The Japanese agricultural sector is facing similar challenges. However the problems in Japan are much more acute and require immediate addressing. With aging of farmers and natural disasters by climate change threatening the complete agricultural sector on one side and the public demanding high-quality food which is produced in a transparent and sustainable way, Japanese agriculture is reinventing itself at a drastically high pace. Japan is worldwide one of the biggest developers of robotics, automated systems and Artificial Intelligence (AI) tools (RVO report, 2019).

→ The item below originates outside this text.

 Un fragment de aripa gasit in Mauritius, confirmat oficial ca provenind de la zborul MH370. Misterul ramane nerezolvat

As the Vision document of the Dutch minister acknowledges, international cooperation is of utmost importance in tackling the challenges of the world food production

Geplande acties

This project will deliver:
● Self-learning, autonomous robotic systems, where sensors gather data for big-data analysis and real-time actuation following decisions from automated precision agriculture decision support systems;
● The rapid breeding of new more resilient potato varieties using data from precision detection methods and artificial intelligence to feed advanced crop growth models for predicting the phenotype of cultivar under different growing conditions;
● Realization of a crop-passport data infrastructure, where data from sensors and robotic systems is automatically stored and analyzed by artificial intelligence. The knowledge obtained from these analyses can be used as input for smart precision agriculture control systems to optimally utilize natural resistance and biodiversity to prevent diseases and to optimize processes throughout the chain;
● Data-driven development of new, innovative cropping systems, focusing on sustainable management of soil and crops.

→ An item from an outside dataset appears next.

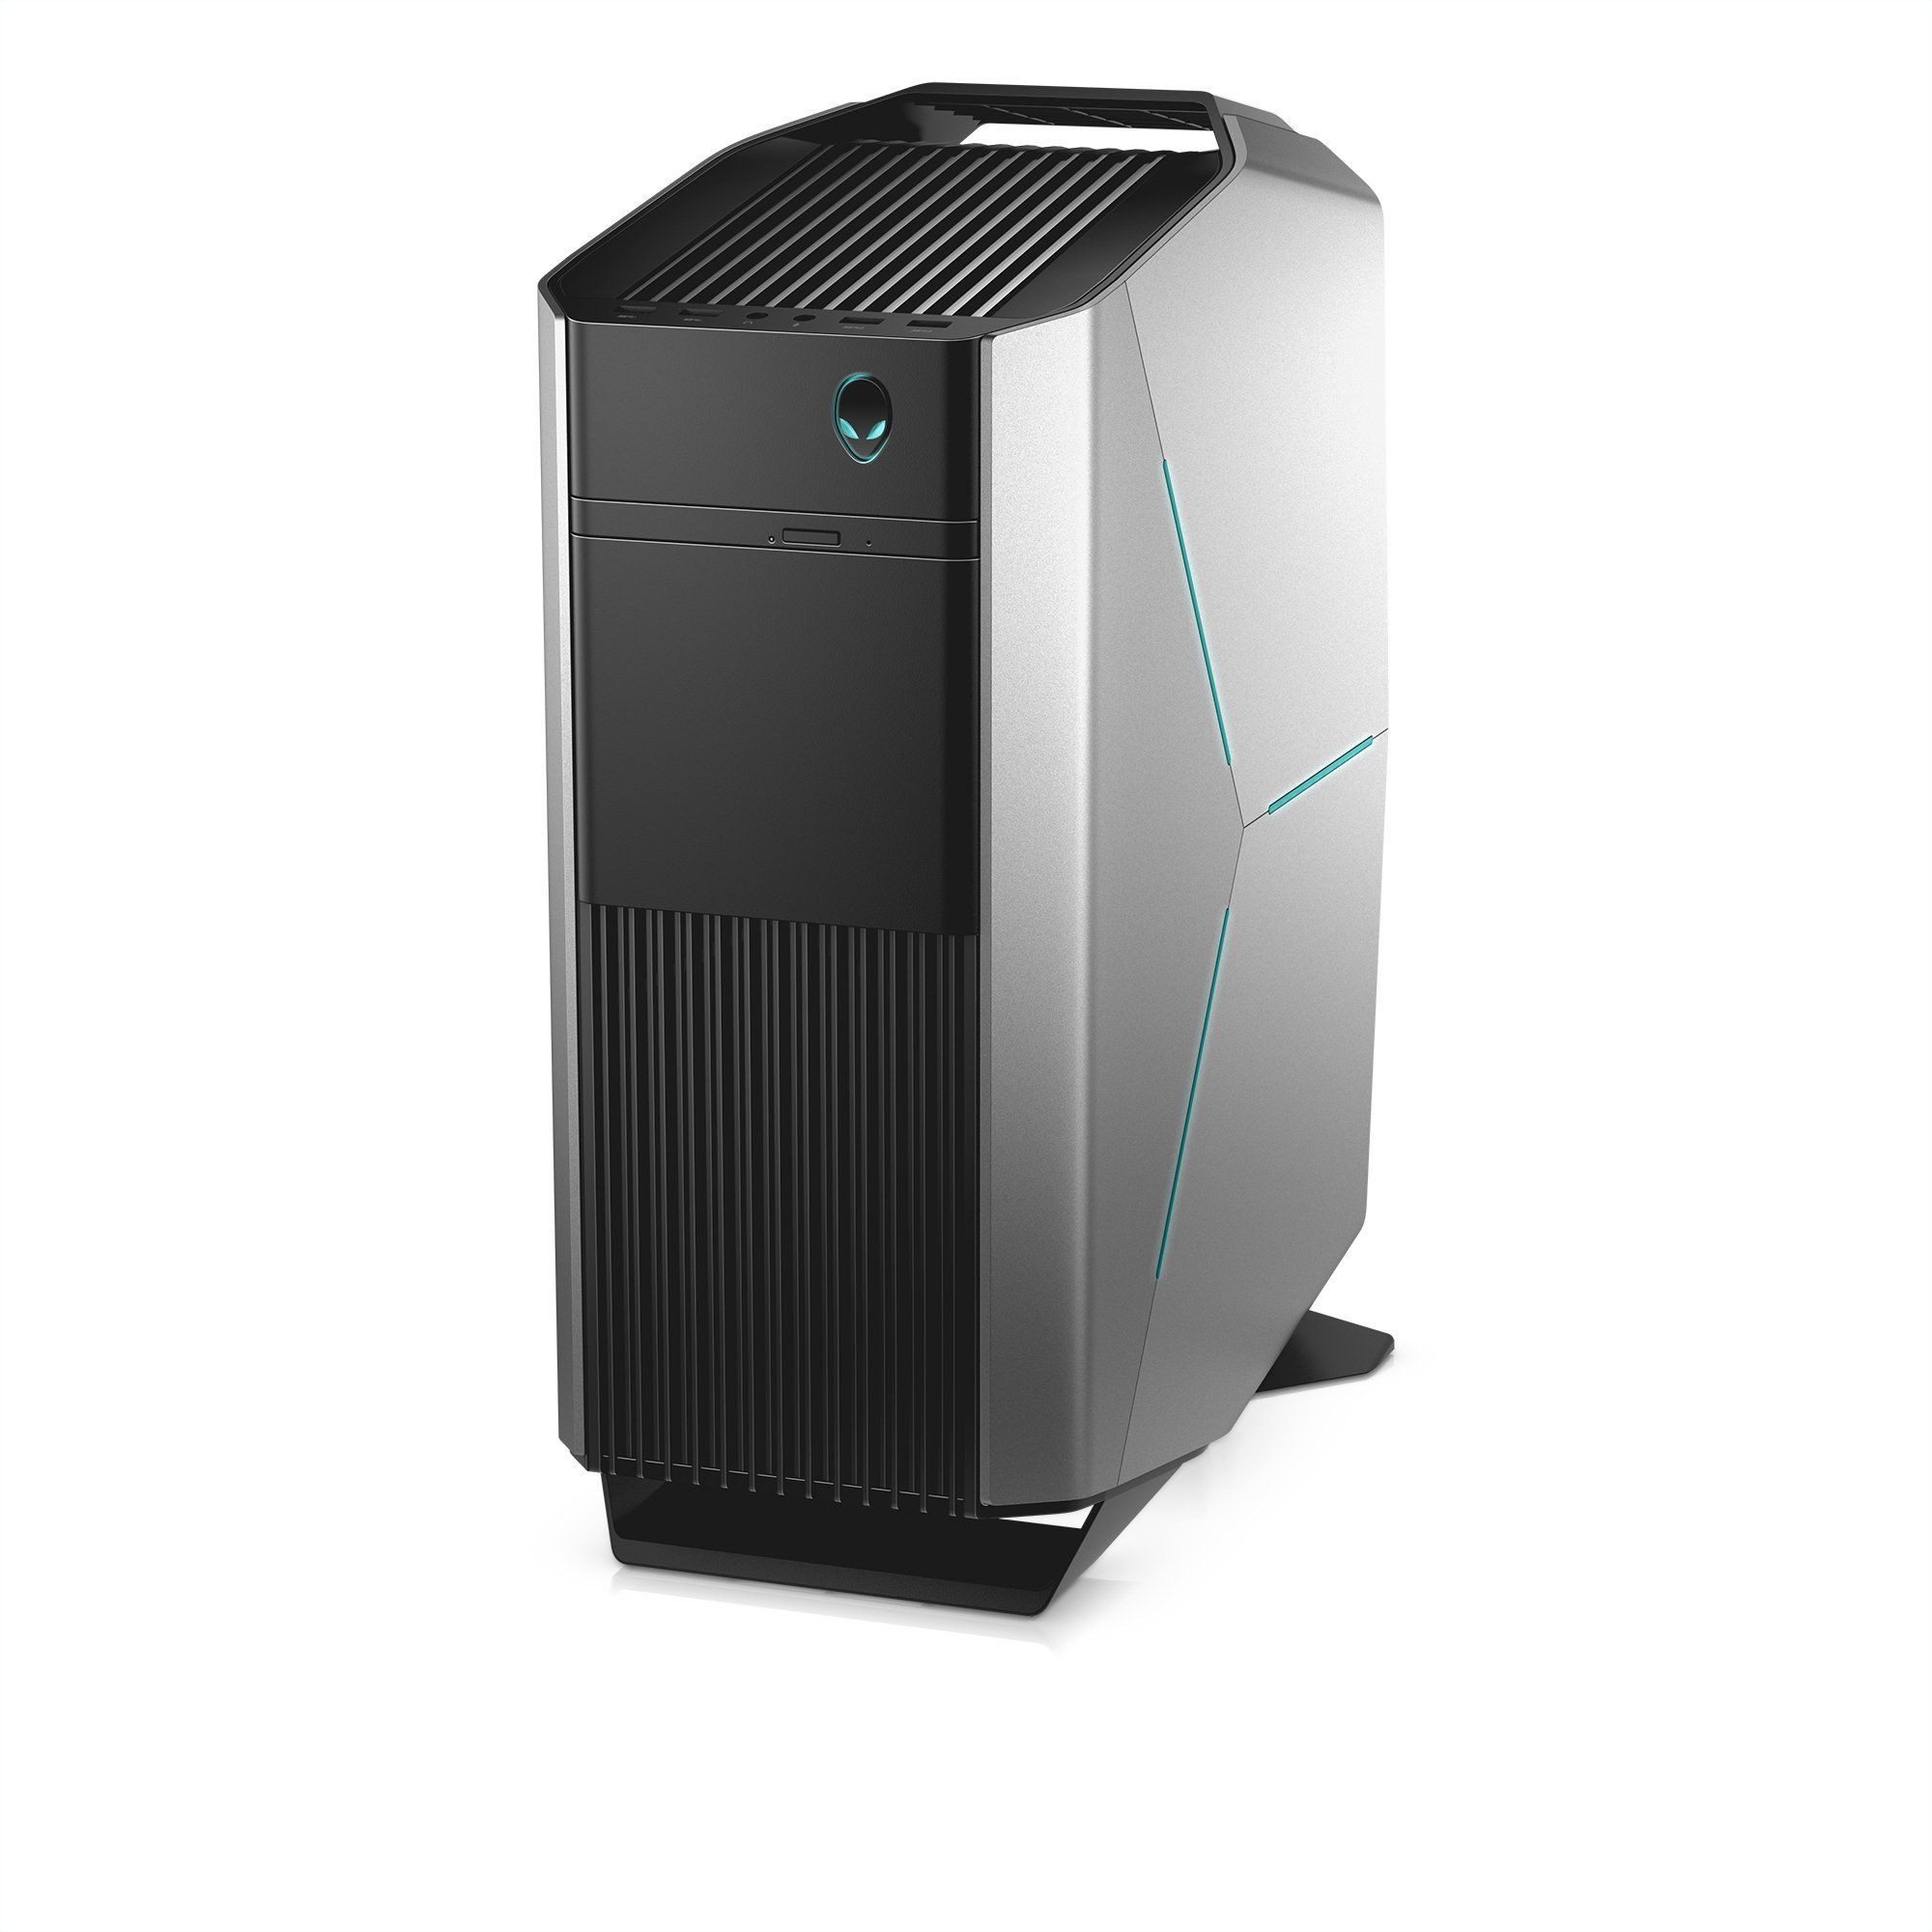 Dell Alienware Aurora Gaming Pc Desktop Liquid Cooled I7 8700k

The companies and research institutes in this consortium will be frequently in contact with each other per work package and will be involved in the overall project progress. Together with the researchers, the engineers working groups inform all members by means of presentations, test visits, and newsworthy messages on a PPP-specific "portal". In consultation with the partners, the results will also be shared with the sector via the existing communication channels from GMV/ FME / the Dutch embassy in Tokyo, etc. which are newsletters, websites and open days / events. Where possible and only in agreement with the consortium partners, open source software will be disseminated. By means of trade journals and news magazines, disseminating to other target groups will be realized. The user group with members from farmers, breeders, and tech developers will also propagate the results within their networks. WUR is a partner in various EU initiatives, such as the EU project EU IOF2020 Connectivity project and the PPP National field lab precision agriculture, in both reliably measuring, modeling, predicting and dealing with hyperdimensional data is a spearhead.

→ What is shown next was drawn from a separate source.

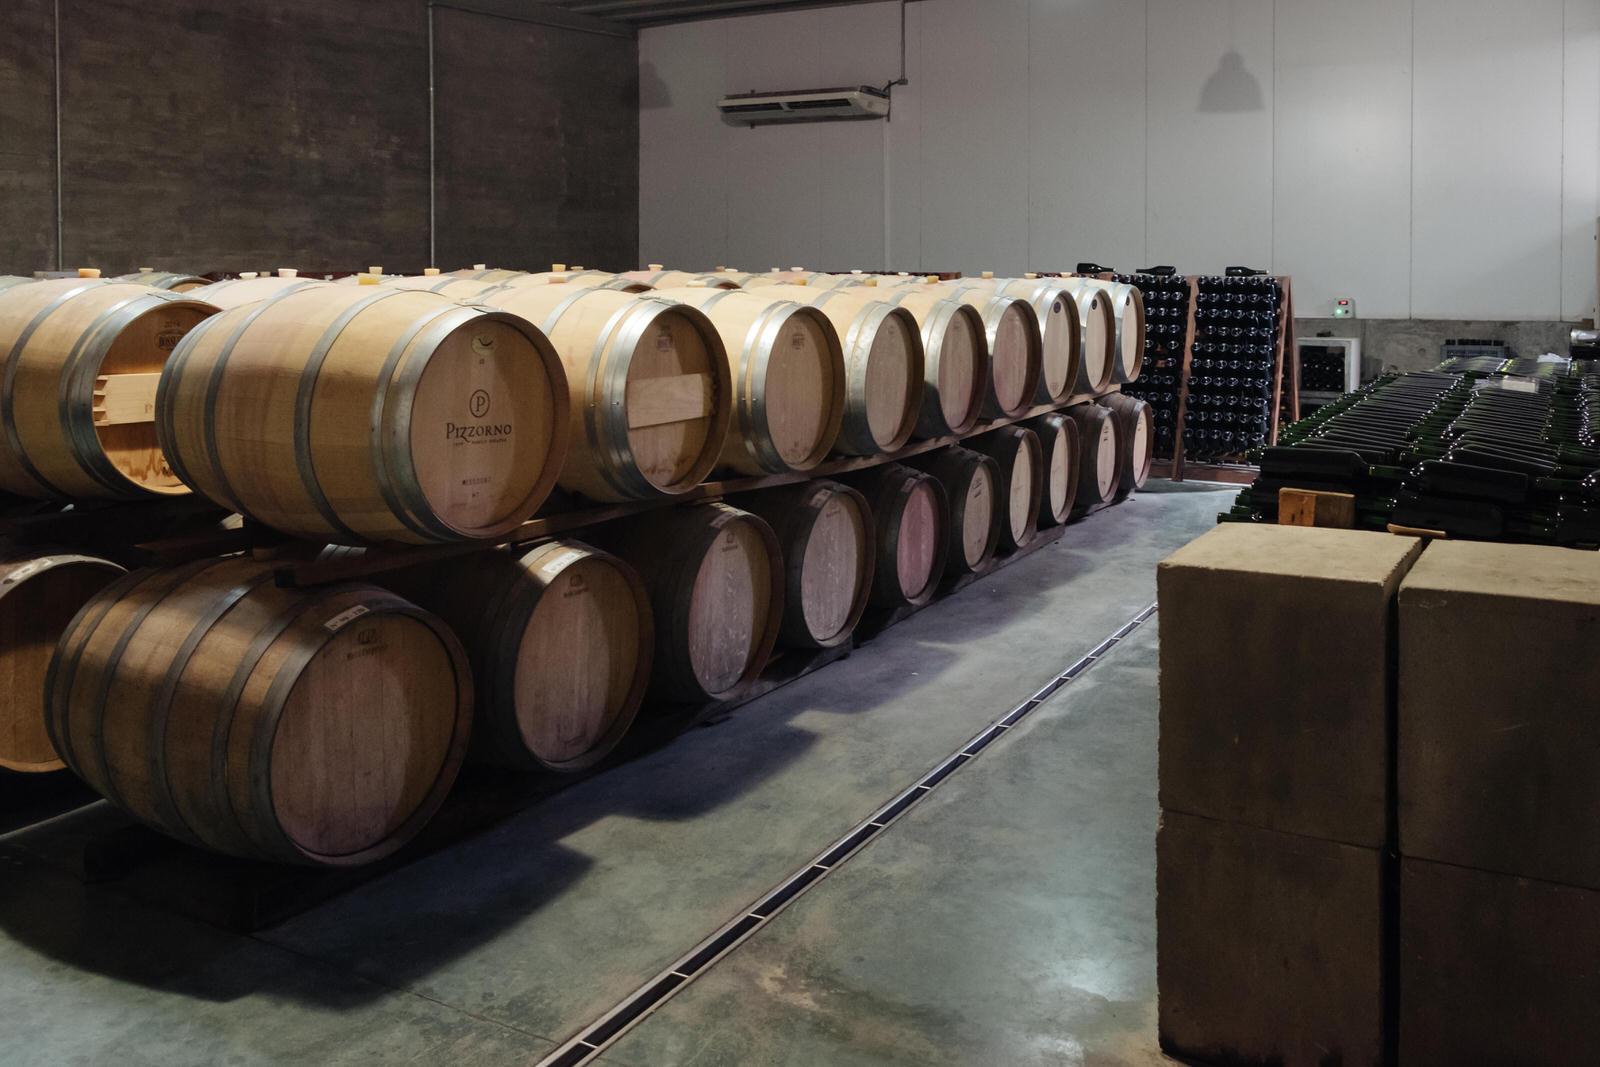 Visita a vinicola Pizzorno no Uruguai

The activities in this PPP will be strengthened by insights from these EU projects via WP5. The results are published where possible on social media channels of the consortium parties, fairs, scientific symposia / conferences, in scientific journals and in professional journals. In addition, there are open days that are also accessible to the general public. Partner GMV/ FME has an excellent network to reach out to a broad audience.

To future users of this data-driven approach we aim to showcase the technology developed within this project from the start the end final year of the project at a variety of locations such as Wageningen University, like for instance summer schools on Imaging & Phenotyping, and other locations around the Netherlands and in Japan to demonstrate production/breeding methods. Exotic and inspiring locations will be selected to showcase the educational aspects and farthest-reaching limits of current technology. Live experience demo sessions will be organized on industrial fairs like Vision & Robotics/ Potato Europe 2020/ conferences etc to offer a real experience to new users by sending out invitations distributed by associations/ newsletters, online media.000

WUR will take up the coordination of at least one scientific paper on these developments per year, which will then generate presentations at conferences to share insights generated with the academic community. While the general audience will be given insights in developments via, high-tech conference/community gatherings, and further international press.